Before I explain why that which is necessary is personal, there is a very important disclaimer I need to make. It goes without saying that if there is a necessary being (one that doesn’t exist in time, that doesn’t consist of parts, that doesn’t change, and that is unique), then this necessary being is vastly different from anything in my immediate experience. I exist in time (I just turned 50). I consist of parts (which are breaking down – I just turned 50). I change (see previous parenthesis!). And as the sort of being I am (human), I am not unique – there are eight billion others on the planet at this moment. As a contingent being, living in a world of contingent reality, I recognize there is a great gulf fixed between what I am and what this necessary being is.

Since that is the case, it would be a huge mistake for me to think that this necessary being is just like me, only bigger/older/stronger/smarter. That may be a good way to think of various pagan conceptions of gods like Thor or Athena, but it would be an egregious category mistake to confuse those concepts of “god” with the concept of a necessary being. It is simply impossible by definition for me (or anything else in the contingent order) to be just like the necessary being; at the very most I can only be sort of like the necessary being.

I’ve said all of that to offer this disclaimer about whether the necessary being is personal. I am going to offer some reasons why we can use that word to describe this ultimate ground of all reality, but we must always bear in mind that what “personal” means for you and me as contingent creatures is not exactly what it will mean for the necessary being. An old illustration explains it like this. If I say, “I see the tree,” and “I see your point,” I am using the same word – see – to express concepts that are sort of like each other, although one is vastly greater than the other. To see a tree is a physical act of the senses. To see your point is an intellectual act of the mind. “See” conveys both concepts, but one kind of “seeing” is much greater than the other. And so it is with the word “personal.” I am a personal being, and that which is necessary is a personal being – but in a vastly greater sense.

With that caveat in place, let’s now discuss why this necessary being is personal.

Getting Personal

To think more deeply about what it means to say that the necessary being is personal, consider how you feel when you receive an email from a friend as opposed to a piece of spam. Spam is automated. No one chose to send such an email to you in particular, and whatever algorithm spat out your name on its mailing list, it certainly didn’t do so because it knows you individually. Since it lacks knowledge and will, spam is impersonal. On the other hand, if a friend sends you an email, it is because he chose to do so, and also because he knows you. That kind of email is personal.

This helps to clarify what we mean when we say that something is personal rather than impersonal.

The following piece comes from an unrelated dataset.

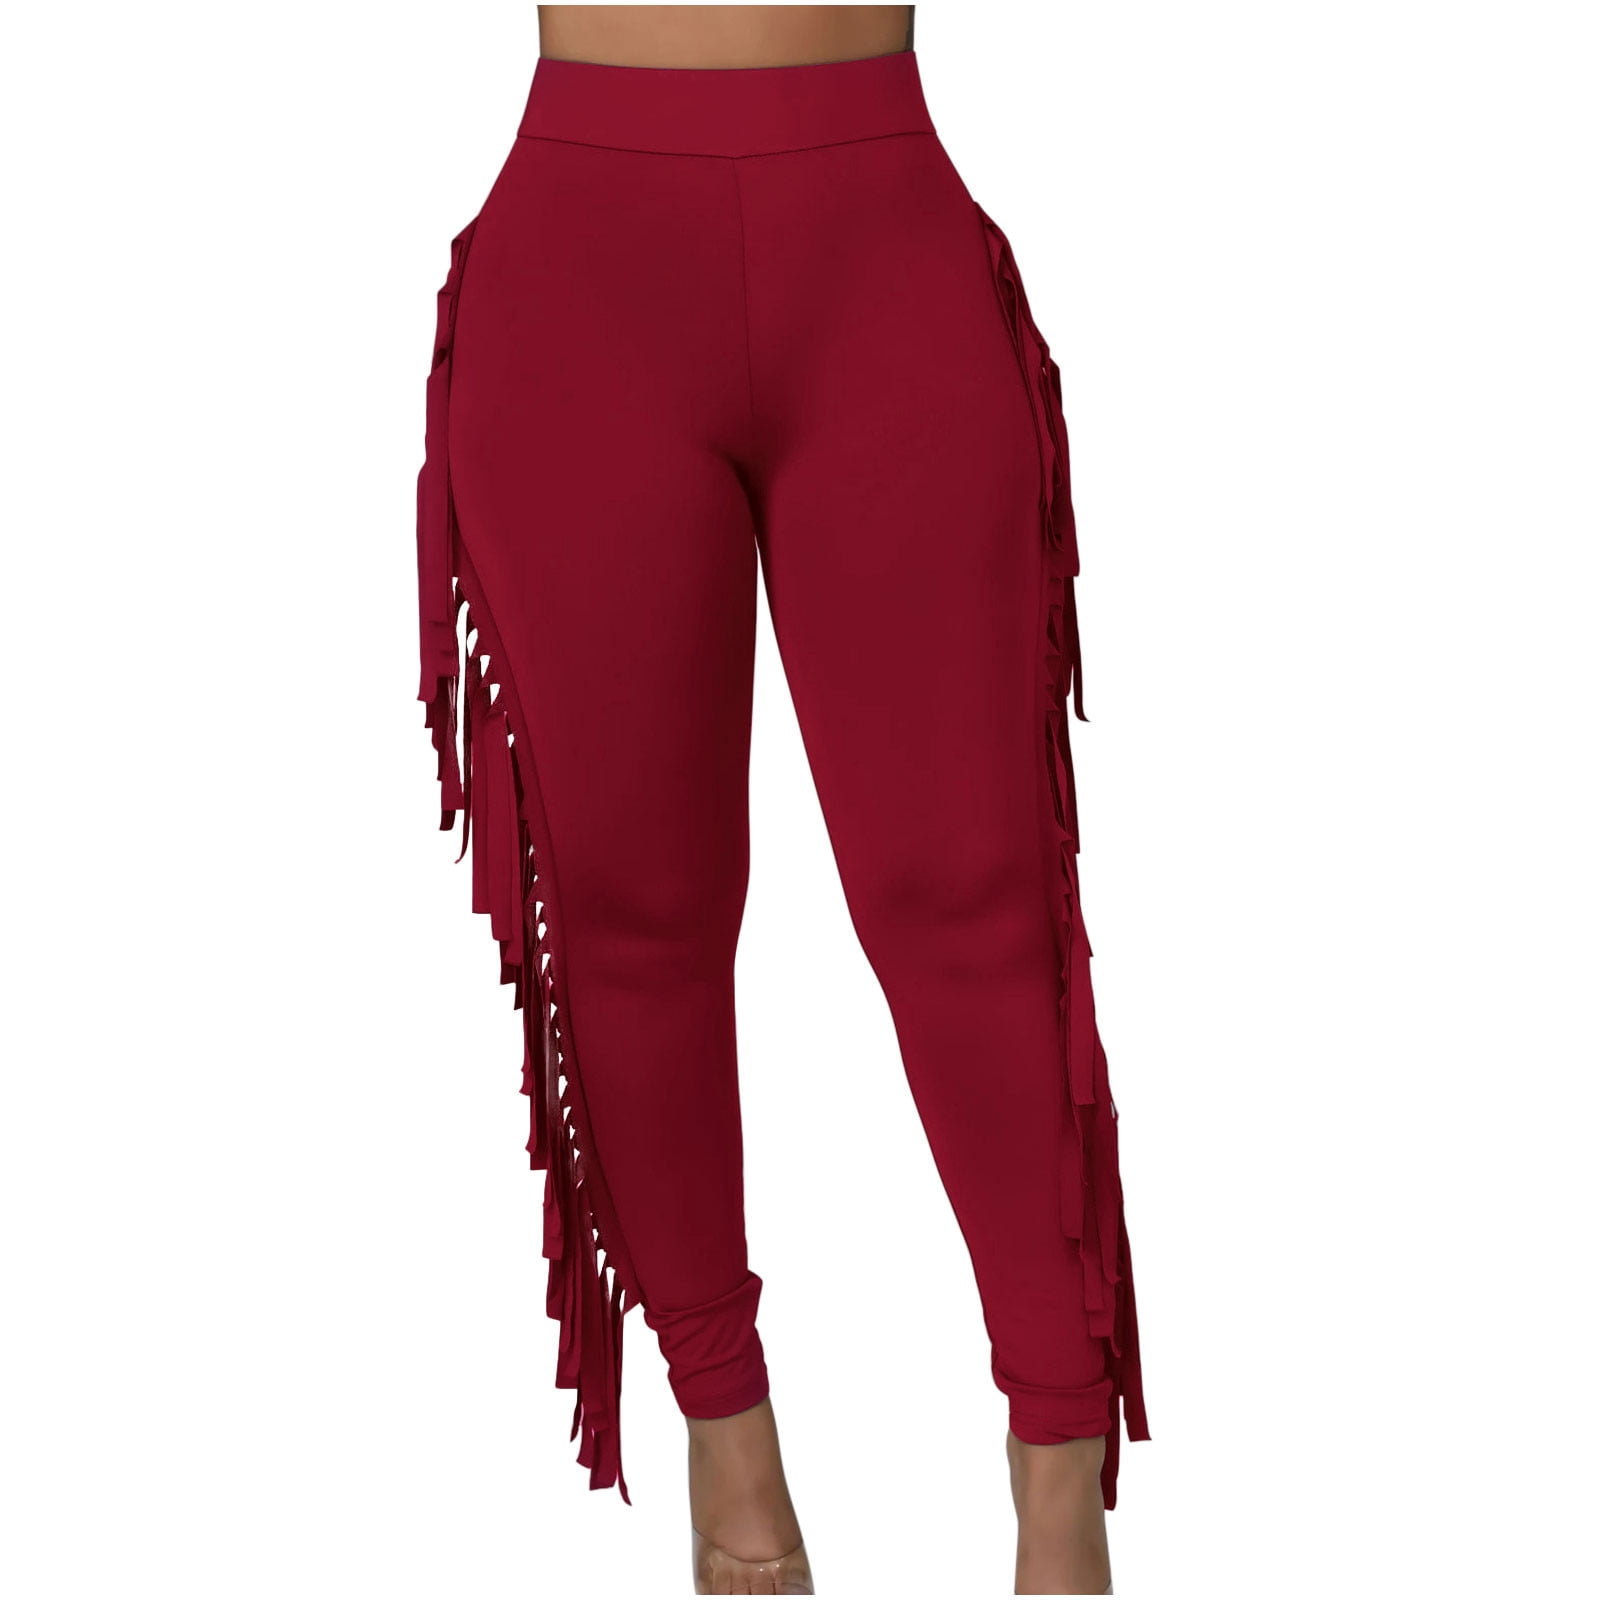 JGTDBPO Fringe Pants For Women Casual High Waist Solid Bodycon Side Tassel  Pants Yoga Pants Sweatpants Bandage Pants 
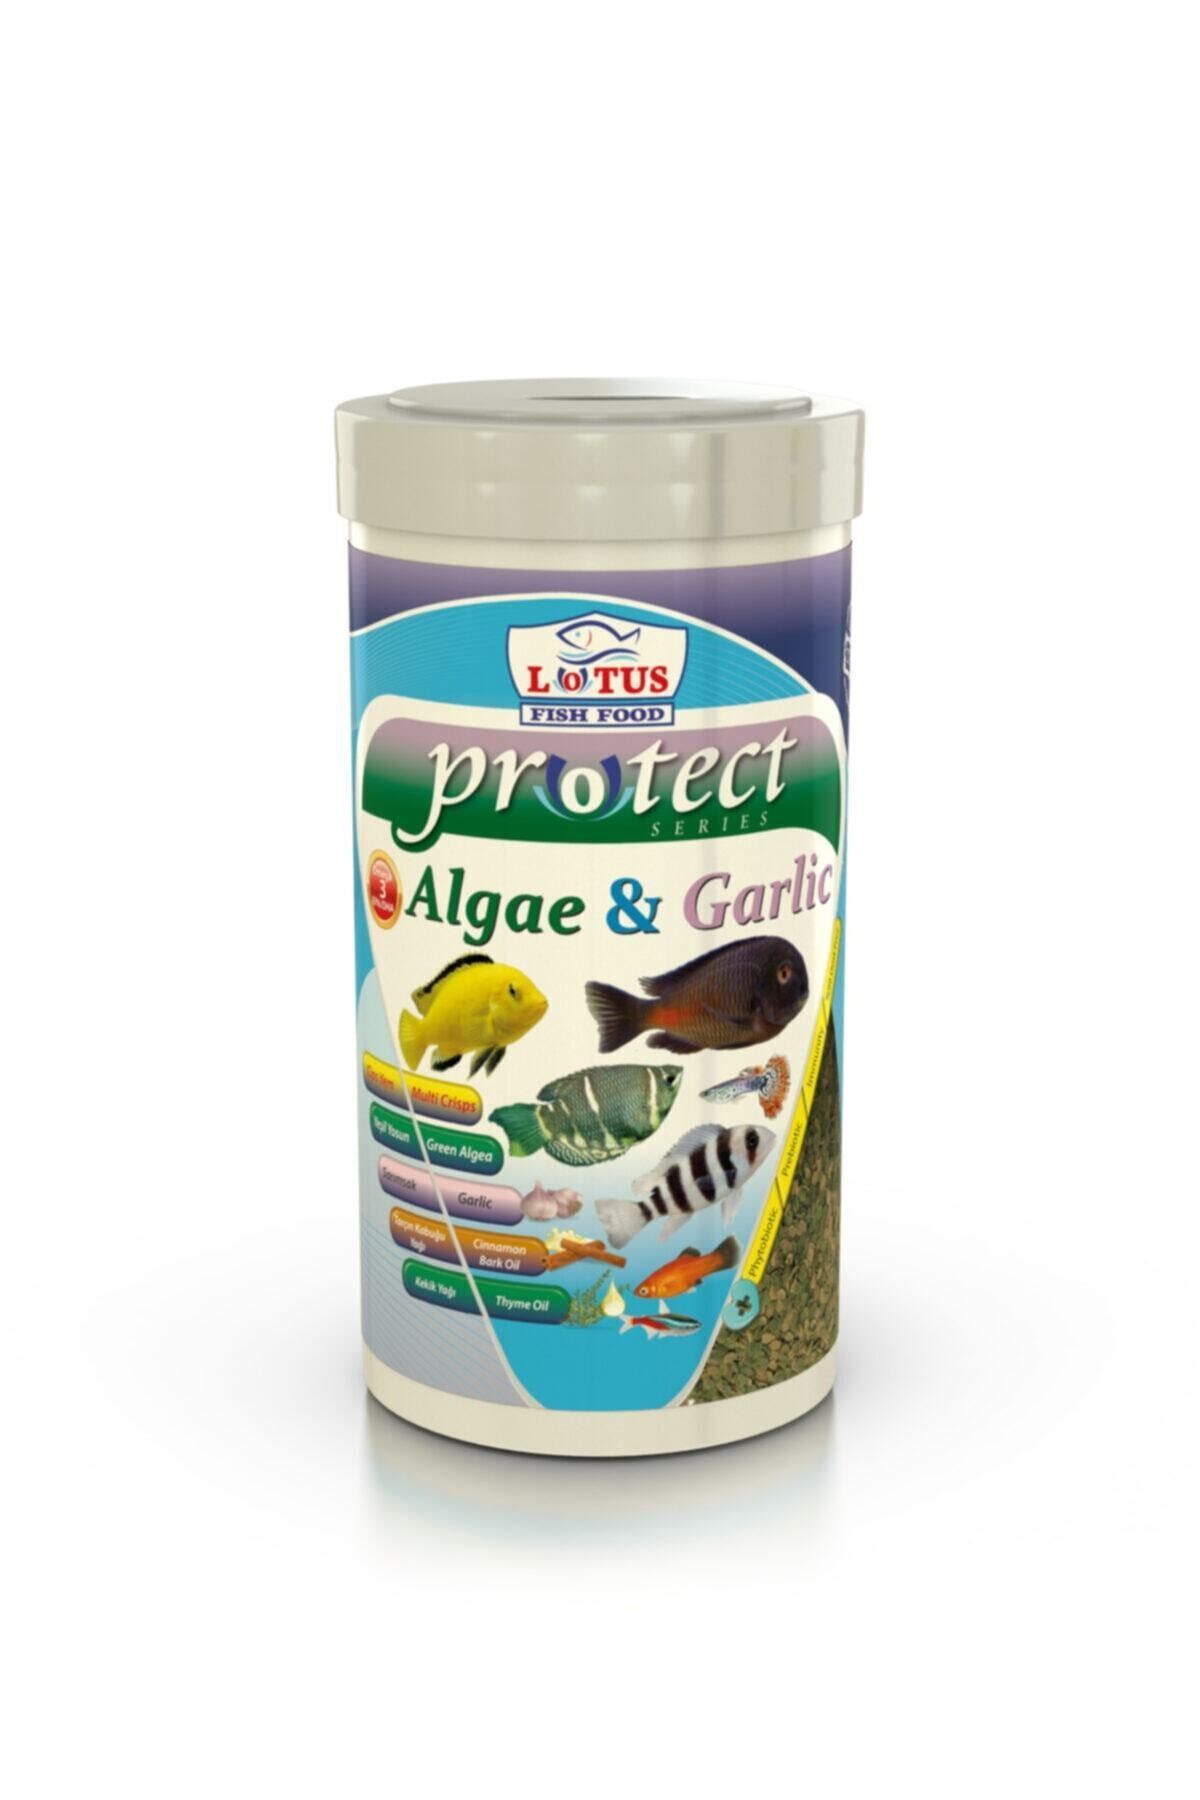 Lotus Protect Algae Garlic 100 Ml Pro Chips Akvaryum Balık Yemi

It involves qualities like intellect and free will. “The Force” in Star Wars doesn’t really have the properties of mind or will; Sith lords and Jedi knights tap into its impersonal power based on their choices and knowledge. But why should we think that the necessary being possesses such personal attributes?

Let’s begin with the quality of will. We have talked a lot in this series about the difference between what is necessary versus what is contingent. As you recall, that which is necessary doesn’t rely on anything else to exist – it simply is. That which is contingent, on the other hand, does rely on something else to exist. Its existence is not necessary. But why did that which is necessary enable that which is contingent to exist in the first place? It could only be because that which is necessary made a choice to bring contingent things into existence. Since to make a choice is to exercise free will, we can deduce that the necessary being has the personal quality of will.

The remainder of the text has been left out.